No existen las lenguas muertas

León de Lidia

Myriam Moscona

Tusquets

Ciudad de México, 2022, 200 pp.

AÑADIR A FAVORITOS
ClosePlease loginn

Primera nota: Un arco con dos bases. Qué podemos saber de lo que nos mantiene vivos, se pregunta Vinciane Despret hacia el final de su libro sobre los modos en los que los muertos continúan insistiendo sobre quienes quedaron. Es claro que las estampas que componen León de Lidia de Myriam Moscona intentan una respuesta. Una respuesta que desafía la idea tan difundida de que la muerte funciona como una apertura exclusivamente hacia la nada. Como en Pedro Páramo, los muertos de la novela de Moscona no quieren ser olvidados y convierten a la narradora en una fabricante de relatos en los que se practica una especie de acrobacia ontológica: aquí y allá, nosotros y ellos, los que se fueron y los que quedamos, el pasado y el presente, todo acoplado, insistiendo, friccionando y poniendo en contacto permanente dos mundos aparentemente distantes, irreconciliables. “Han tenido que pasar décadas para que esto regrese a mí, cargado de la perspectiva que la distancia nos alumbra. Encuentros azarosos que nos devuelven un arco con dos bases. Una, sostenida en el momento. La otra, distante como una estrella vista tras el vapor de una nube, reticente a la claridad. Mientras más lejano es un recuerdo recobrado, más reverberaciones traza alrededor.”

León de Lidia es el nombre de la primera moneda que existió en la humanidad hace veintiséis siglos en el reino de Lidia, Anatolia. Y, según se aclara en la dedicatoria, León y Lydia son los nombres de los padres de la autora. Así, ya desde el comienzo, este texto señala una relación entre historia y memoria personal, entre presente, pasado y deseo. Las escritoras y los escritores, sabemos bien, no solo utilizan el material o los documentos históricos, sino que también los producen, los inventan con nuevos costos como un modo de contemplar e intervenir, en contacto con la materia del pasado. Por eso, la novela de Moscona está llena de voces. Se mueve. Se desplaza. El texto nunca está quieto ni tiene un sentido previo anterior a la lectura o al pacto que cada lector, cada lectora, haga con él. Es un álbum y no lo es. Es un diario y no lo es. Es un collar de crónicas o estampas donde los relatos dispersos se van hilvanando hasta conformar un collar que cada quien lucirá a su manera.
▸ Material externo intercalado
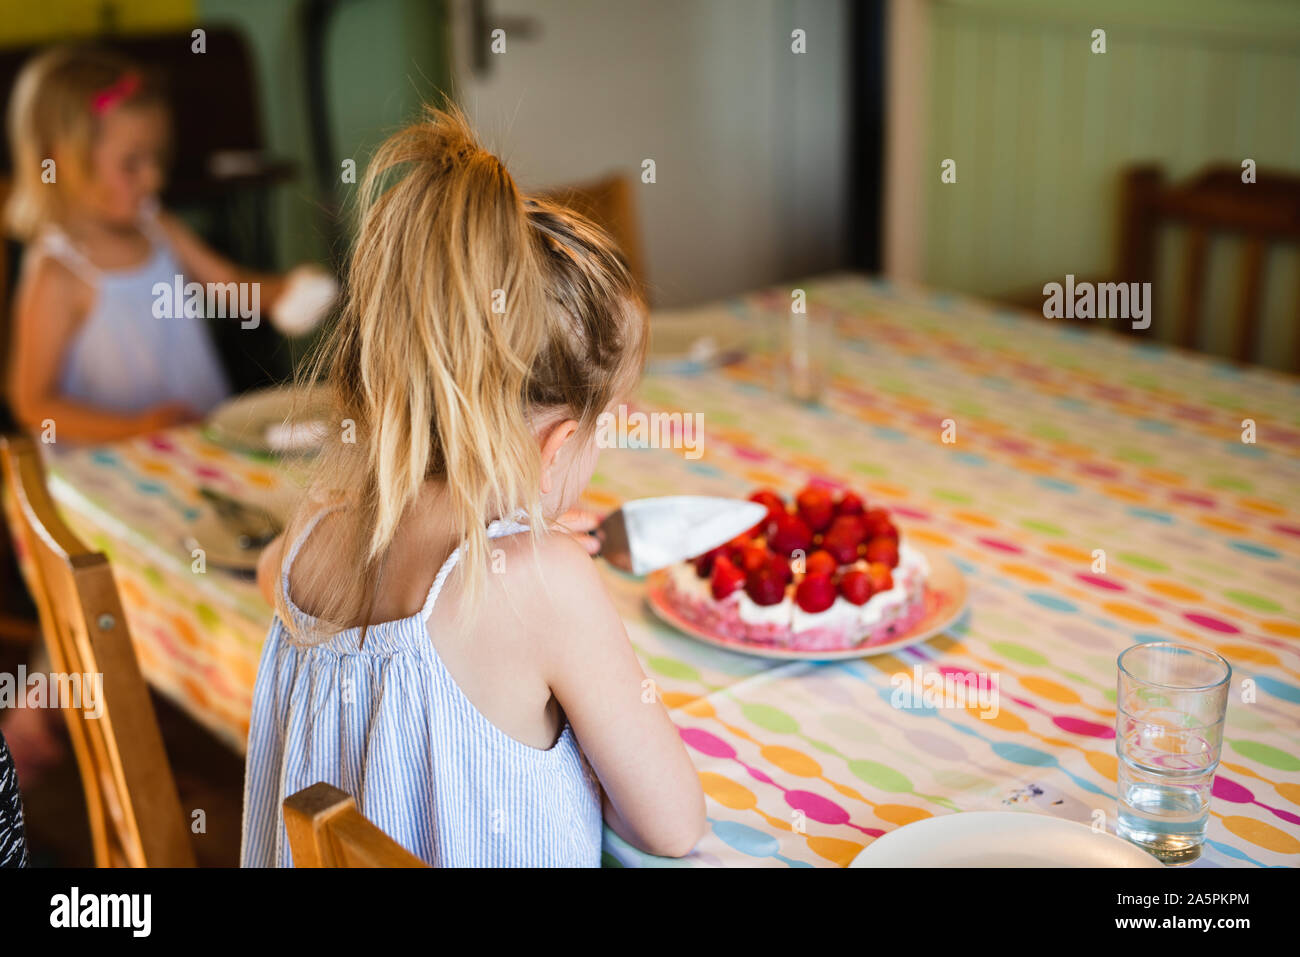 Girl at table Stock Photo

La historia familiar en las viñetas que se van apilando para conformar el texto es, sobre todo, un lugar de enunciación desde el cual la narradora construye su apuesta: una novela sobre lo desfamiliar, sobre lo extraño y lo ajeno inserto en lo propio, sobre los orígenes que nos anclan y nos desanclan al mismo tiempo. Lo que importa, creo, es el viaje y el desplazamiento de esa voz poética que, desde otra dicción, busca seguir tejiendo mitos y palabras por donde circule el deseo.
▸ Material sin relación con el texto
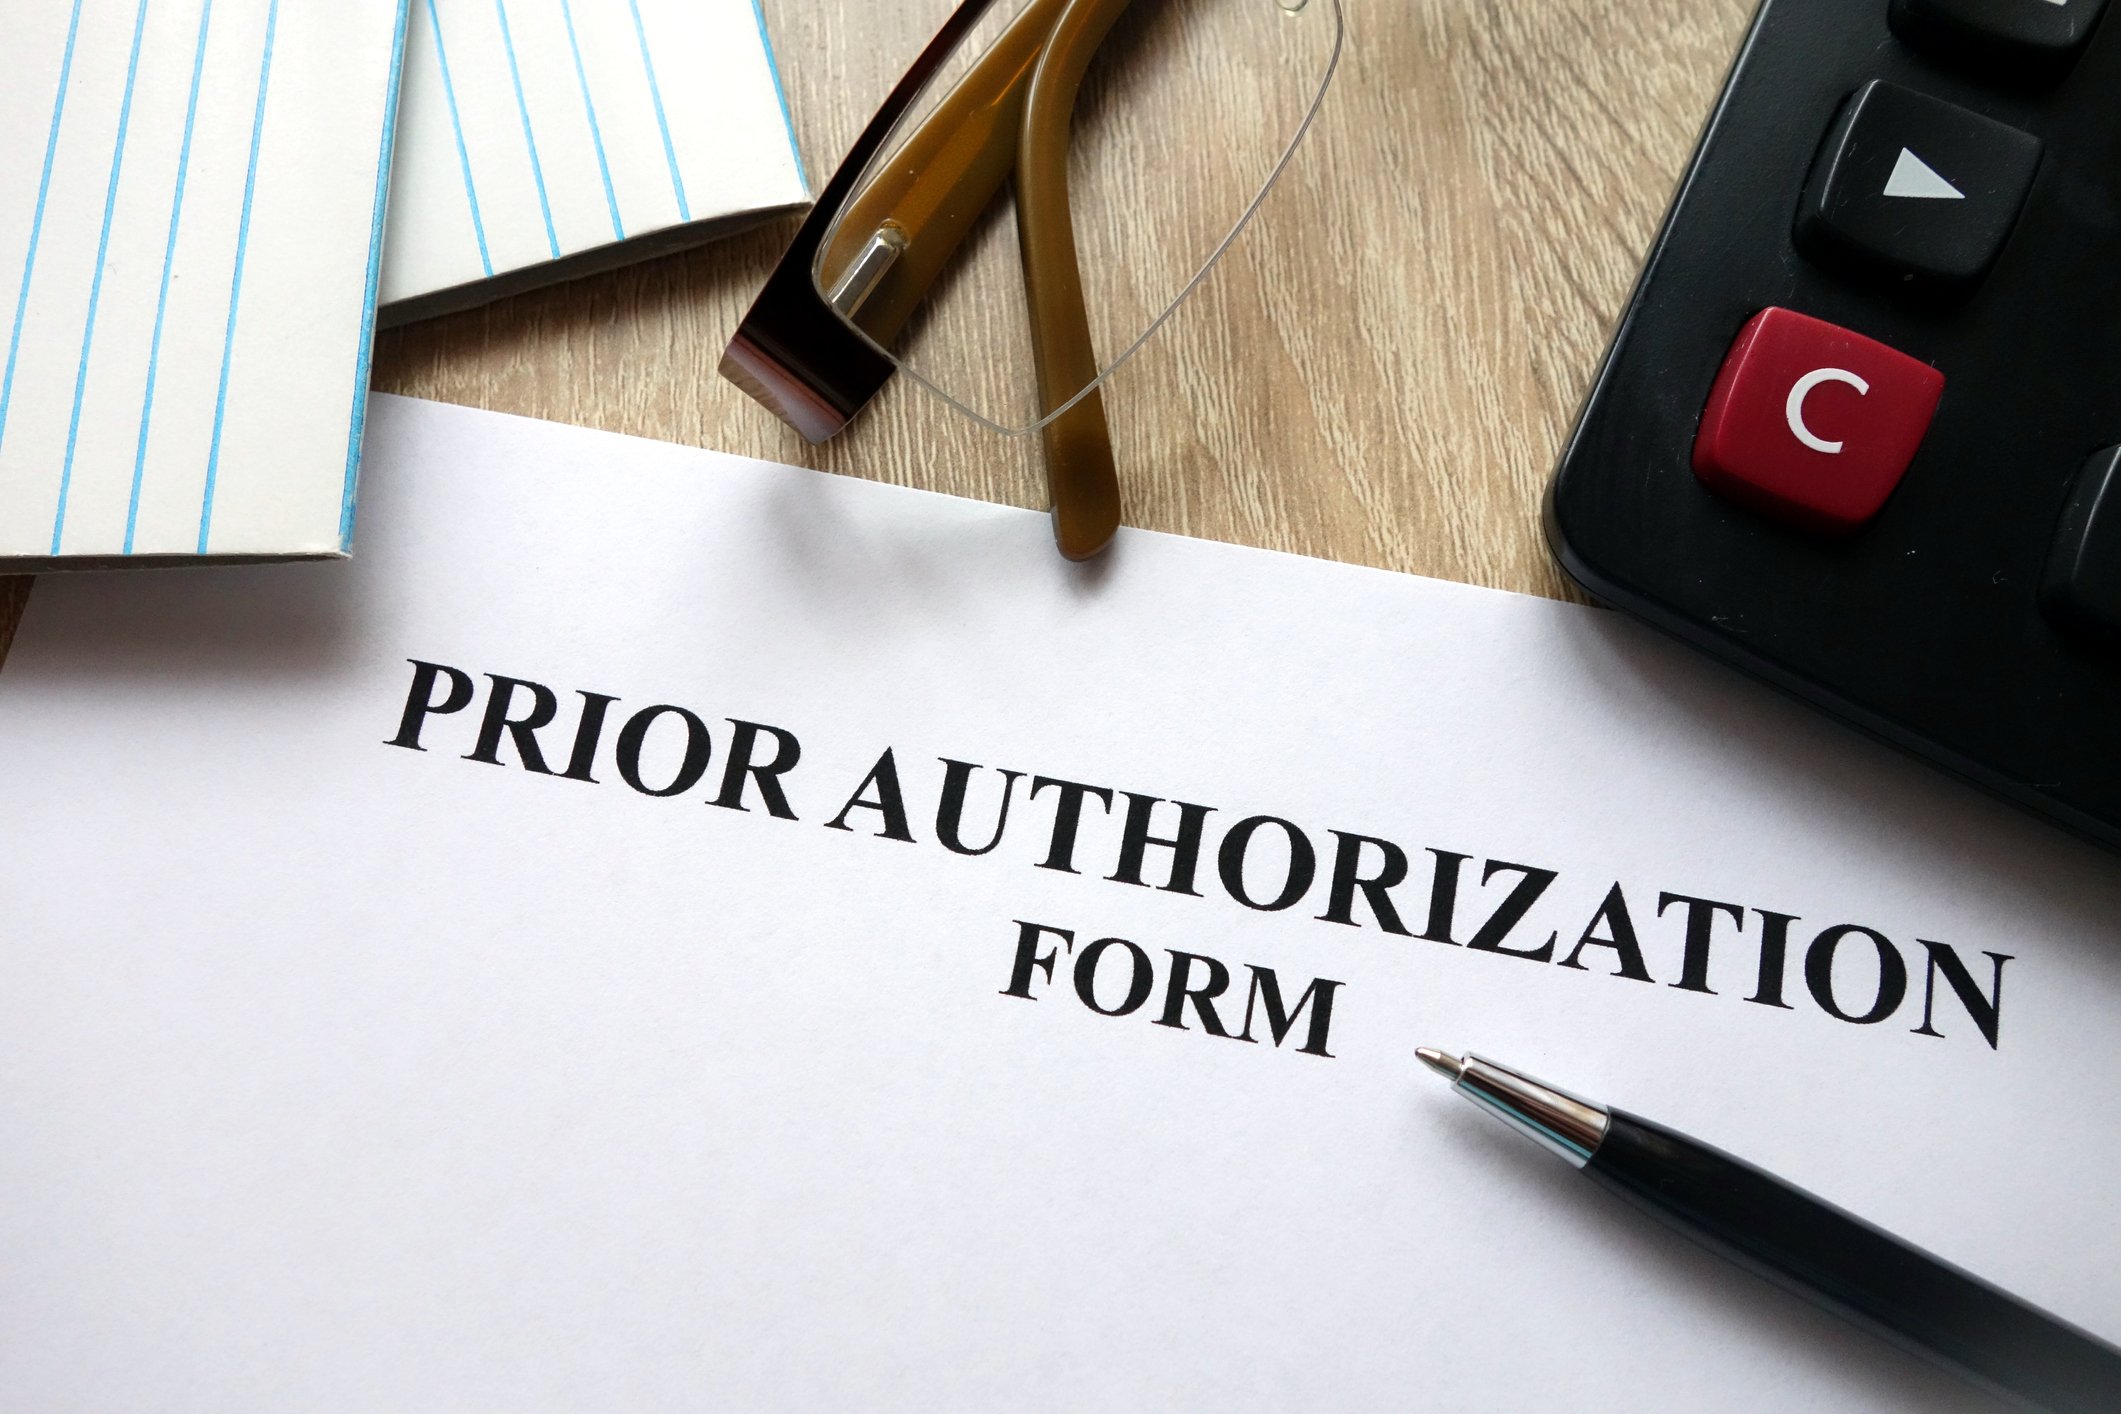 Prior authorization paperwork next to a calculator and pair of glasses

Segunda nota: Quítate el sombrero. No somos como el árbol de Rumi, no podemos soltar y ser solo nosotras mismas. Estamos atravesadas por esos encuentros azarosos con los muertos, por esas presencias que, aunque parecen deshacerse como las nubes que imagina la poeta búlgara Ekaterina Yosifova, están ahí. Los versos de esta poeta, con quien la narradora imagina un linaje compartido, volverán a lo largo de la novela como un estribillo que insiste en lo pasajero, en lo roto, en los fragmentos del tejido por donde pasa la luz. Los sueños, los recuerdos, los viajes, las estampas de pintores y escritores hacen cosas y activan cosas. Esos encuentros impulsan el movimiento del texto que, como si fuera algún tipo de danza, abre el espacio de la vacilación y permiten que el pasado y los muertos insistan, una y otra vez, mezclándose con el mundo de los vivos, de las vivas. Ese arco de dos bases se apoya también en el judeoespañol como una contraseña o un léxico familiar que funciona como un pasadizo entre el tiempo de los vivos y el tiempo de los muertos: “¿Ama vozotros sosh jidios?”
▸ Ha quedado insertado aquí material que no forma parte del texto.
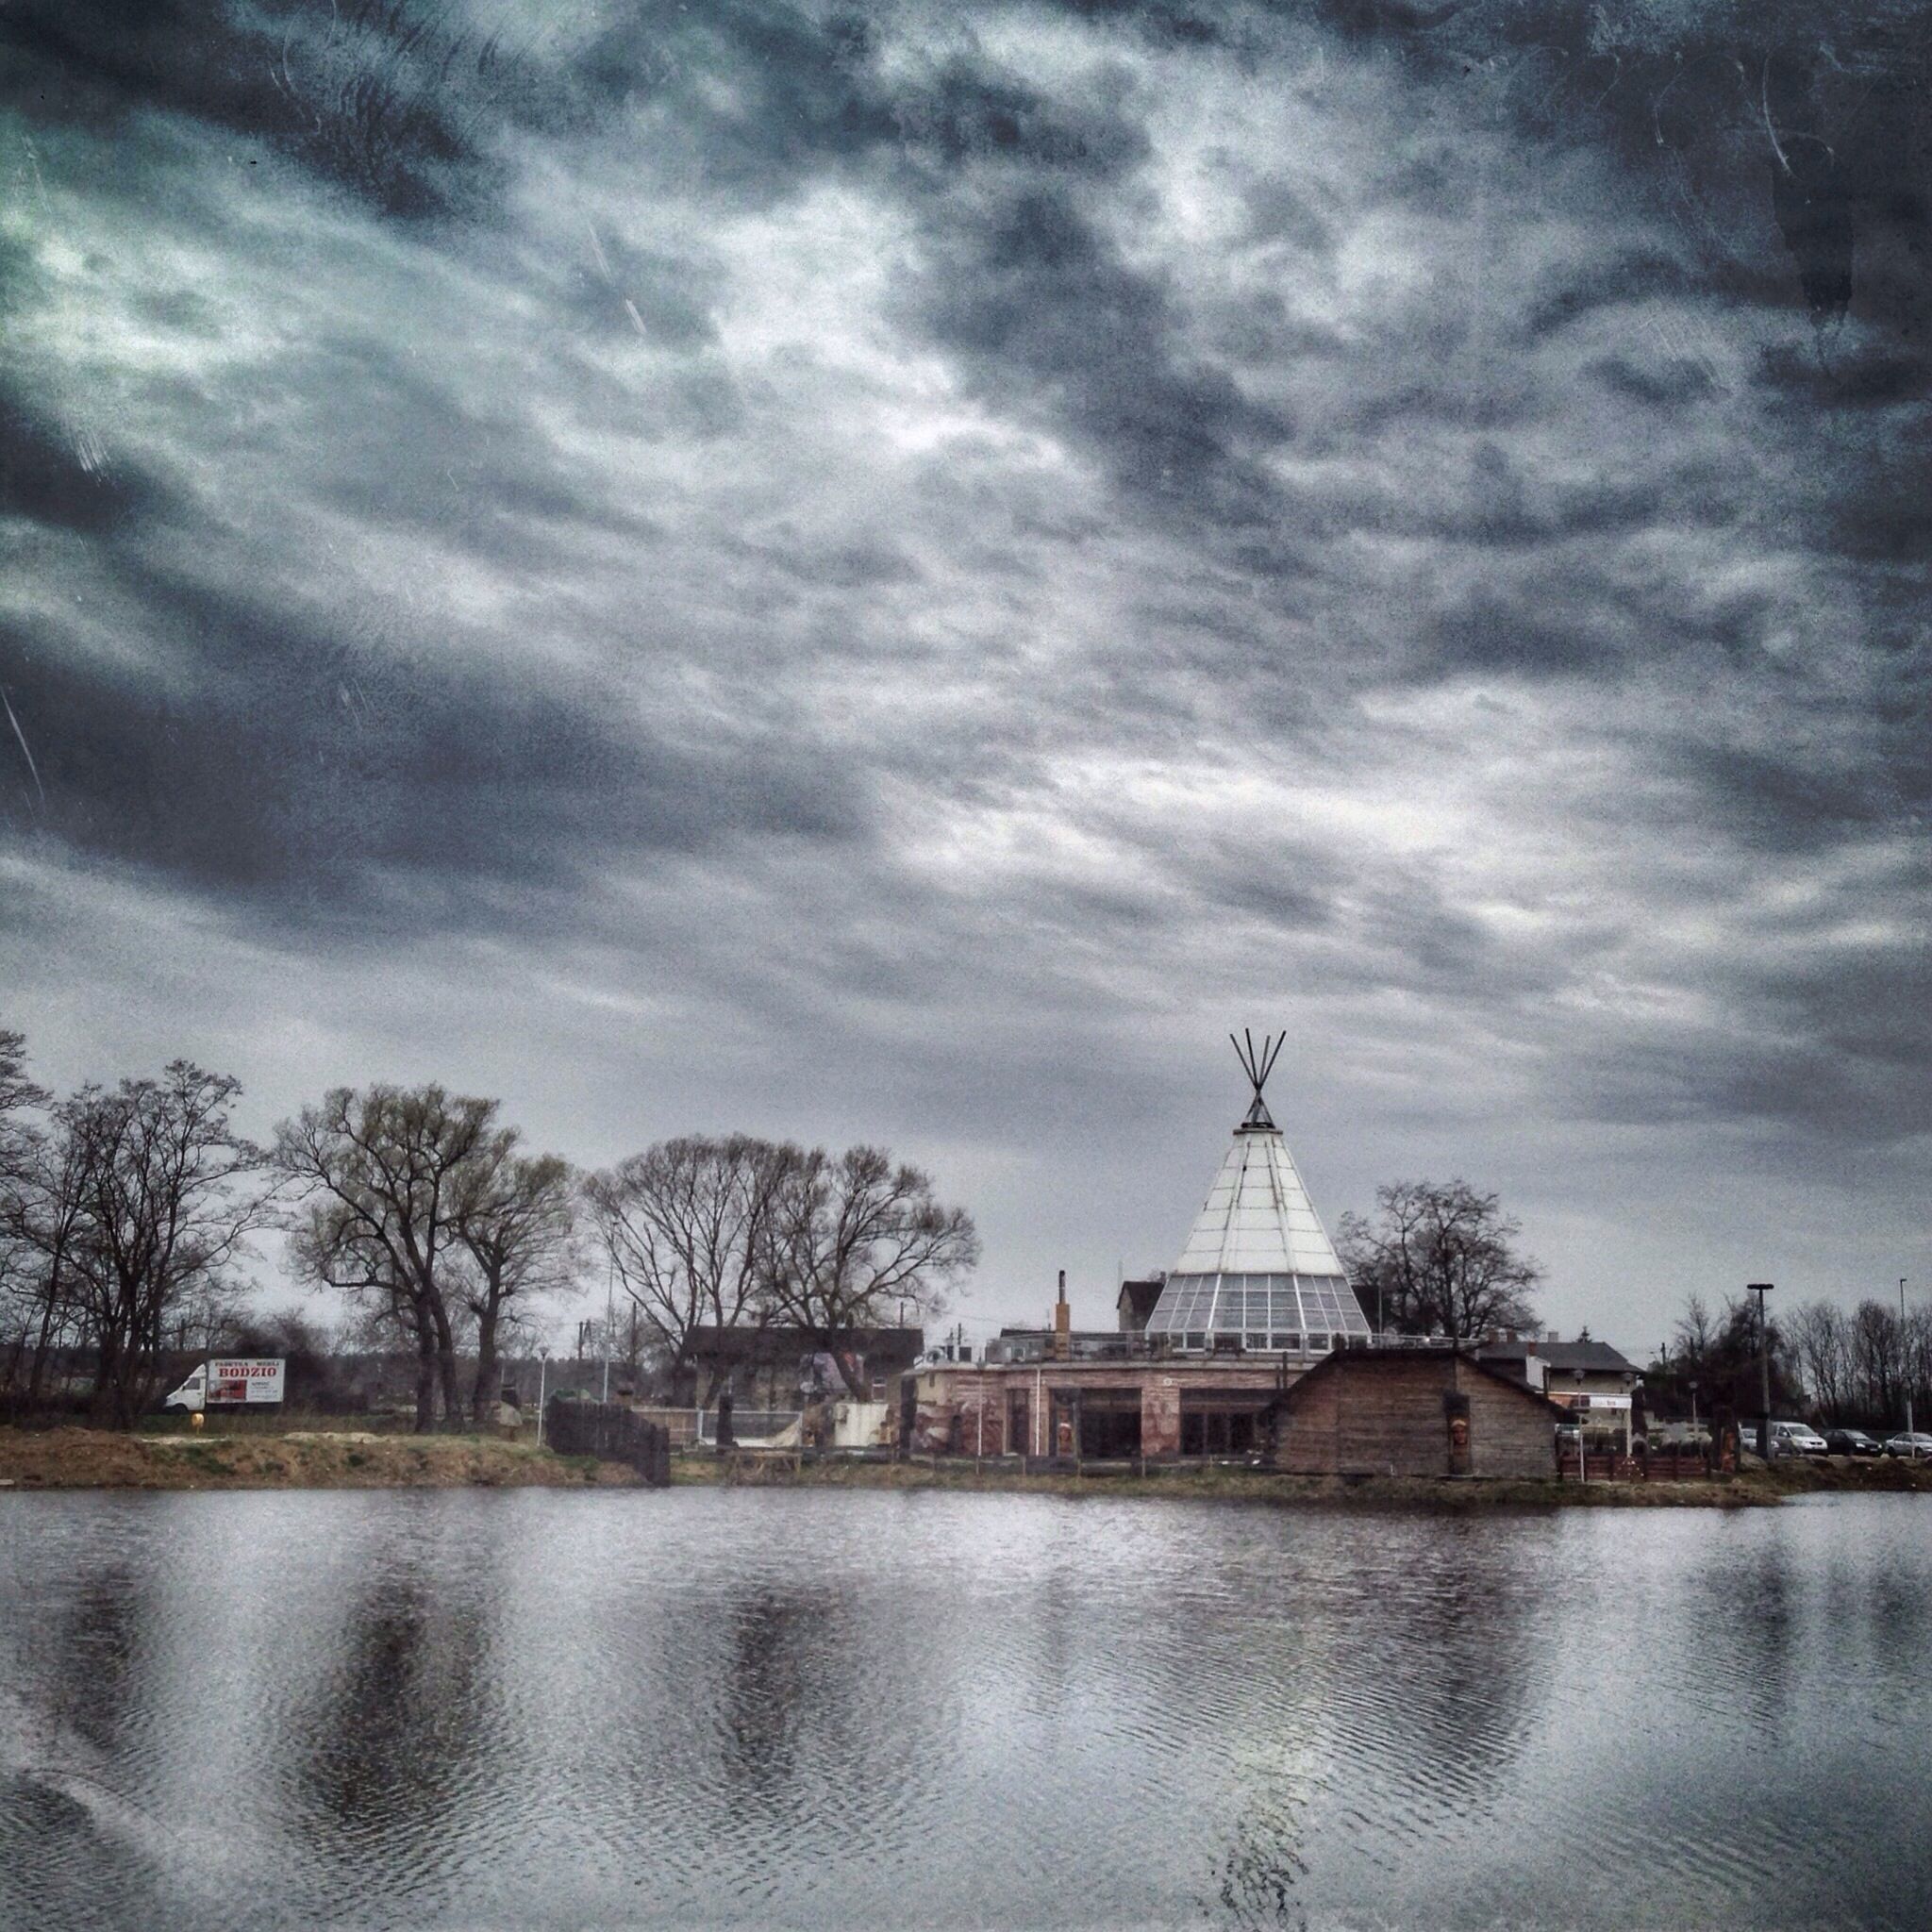 architecture, built structure, building exterior, sky, cloud - sky, water, cloudy, waterfront, religion, place of worship, spirituality, church, tree, cloud, reflection, weather, lake, overcast

Uno de los logros de la novela es su eficacia para hacer sentir, quiero decir, para hacer existir. No solo porque nos permite entrever escenas de apariciones y desapariciones (que seguramente a Roland Barthes le habrían parecido eróticas) sino porque las historias, las anécdotas que va enhebrando la novela nunca se cierran. Estos relatos que acogen a los muertos de la familia no trabajan con la ausencia sino que acuden a la presencia y, deliberadamente, no tienen un cierre o una moraleja. Pueden volver a contarse, una y otra vez, reformularse, porque fabrican algo que tiene que ver con la vida, con lo vital, con revolverse ante el velo, la tapa, el sombrero. Permanecen abiertos como la historia de la Tante Blanche, esa hermana díscola de la abuela que crio a la narradora. Blanche conoció y amó a diferentes hombres con la misma dedicación fervorosa con la que tejió. Su historia nos llega mutilada y rota, como si la miráramos a través del frasco de formol en el que guardó durante años el feto de su hijo no nacido. Solo tenemos de ella unas pocas cartas, algunas fotografías, pero la narradora la presenta como una Madame Bovary búlgara, una tejedora copiosa que no se deja dominar por la economía simbólica y social que le impone la sociedad castradora de su tiempo. Condenadas al silencio y al espacio del hogar muchas mujeres del mundo antiguo –y no tan antiguo– encontraron en el tejido una forma silenciosa de expresión y resistencia. La historia de la Tante Blanche es como un grito que llega desde el fondo del tiempo. “Un poco deslavada, se conserva una foto entre dos hojas de su diario. ¿La dejaría allí como una referencia? ¿Una imagen en blanco y negro para ilustrar sueños? ¿Será que le faltaba un tornillo como quería su hermana roñosa? Nunca sabré quiénes son o por qué está reunida una turba de señores como ramilletes de animales. Quizás en sus adentros ella deseaba tenerlos a su disposición. ¡Esa Tante Blanche! Creo escuchar sus monólogos internos mientras fijamente recoge a uno con la vista. ‘Quítate el sombrero y acércate’.”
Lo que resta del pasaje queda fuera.